TASK GOAL: Give back exactly the lines of the data below, starting with the line that has "Cat Meow - 3" and going on through the line that has "Coffret de chaussettes".

*** EXTRACTED ENTRIES Section Begins ***

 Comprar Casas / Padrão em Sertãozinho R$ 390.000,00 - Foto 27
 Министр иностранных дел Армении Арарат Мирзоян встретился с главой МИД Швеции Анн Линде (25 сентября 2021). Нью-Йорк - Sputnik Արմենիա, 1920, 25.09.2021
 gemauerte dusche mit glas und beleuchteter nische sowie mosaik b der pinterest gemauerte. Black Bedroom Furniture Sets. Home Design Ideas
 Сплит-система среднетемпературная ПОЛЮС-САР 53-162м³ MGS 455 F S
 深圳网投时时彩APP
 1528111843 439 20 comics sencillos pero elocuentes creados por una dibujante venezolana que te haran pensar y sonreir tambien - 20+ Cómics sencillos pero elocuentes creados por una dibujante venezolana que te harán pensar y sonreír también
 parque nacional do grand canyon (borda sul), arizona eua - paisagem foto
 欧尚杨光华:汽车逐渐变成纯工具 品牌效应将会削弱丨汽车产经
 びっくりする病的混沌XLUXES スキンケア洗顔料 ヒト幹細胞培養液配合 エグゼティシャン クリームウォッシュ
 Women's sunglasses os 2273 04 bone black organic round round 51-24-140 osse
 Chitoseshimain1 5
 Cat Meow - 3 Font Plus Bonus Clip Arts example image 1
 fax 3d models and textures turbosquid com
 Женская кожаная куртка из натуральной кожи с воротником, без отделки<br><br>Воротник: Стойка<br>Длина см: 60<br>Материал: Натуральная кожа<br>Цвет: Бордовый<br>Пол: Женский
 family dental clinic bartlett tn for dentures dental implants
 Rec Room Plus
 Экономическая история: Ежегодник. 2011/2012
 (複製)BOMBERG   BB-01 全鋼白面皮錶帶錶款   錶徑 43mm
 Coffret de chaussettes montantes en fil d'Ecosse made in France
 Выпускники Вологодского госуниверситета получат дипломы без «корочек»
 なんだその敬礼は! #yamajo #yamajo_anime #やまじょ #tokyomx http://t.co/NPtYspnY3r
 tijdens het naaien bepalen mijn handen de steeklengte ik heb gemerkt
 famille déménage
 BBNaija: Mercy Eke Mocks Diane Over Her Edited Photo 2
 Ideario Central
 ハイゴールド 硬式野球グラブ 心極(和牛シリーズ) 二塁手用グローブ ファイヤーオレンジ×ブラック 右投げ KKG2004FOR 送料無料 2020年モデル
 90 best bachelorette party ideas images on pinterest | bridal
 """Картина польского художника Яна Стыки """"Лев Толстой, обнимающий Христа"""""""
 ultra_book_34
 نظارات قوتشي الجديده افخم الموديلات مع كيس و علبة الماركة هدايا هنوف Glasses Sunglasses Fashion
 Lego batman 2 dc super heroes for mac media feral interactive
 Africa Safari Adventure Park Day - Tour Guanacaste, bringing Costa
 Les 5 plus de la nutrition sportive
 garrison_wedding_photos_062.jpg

*** EXTRACTED ENTRIES Section Ends ***

TASK SOLUTION:
 Cat Meow - 3 Font Plus Bonus Clip Arts example image 1
 fax 3d models and textures turbosquid com
 Женская кожаная куртка из натуральной кожи с воротником, без отделки<br><br>Воротник: Стойка<br>Длина см: 60<br>Материал: Натуральная кожа<br>Цвет: Бордовый<br>Пол: Женский
 family dental clinic bartlett tn for dentures dental implants
 Rec Room Plus
 Экономическая история: Ежегодник. 2011/2012
 (複製)BOMBERG   BB-01 全鋼白面皮錶帶錶款   錶徑 43mm
 Coffret de chaussettes montantes en fil d'Ecosse made in France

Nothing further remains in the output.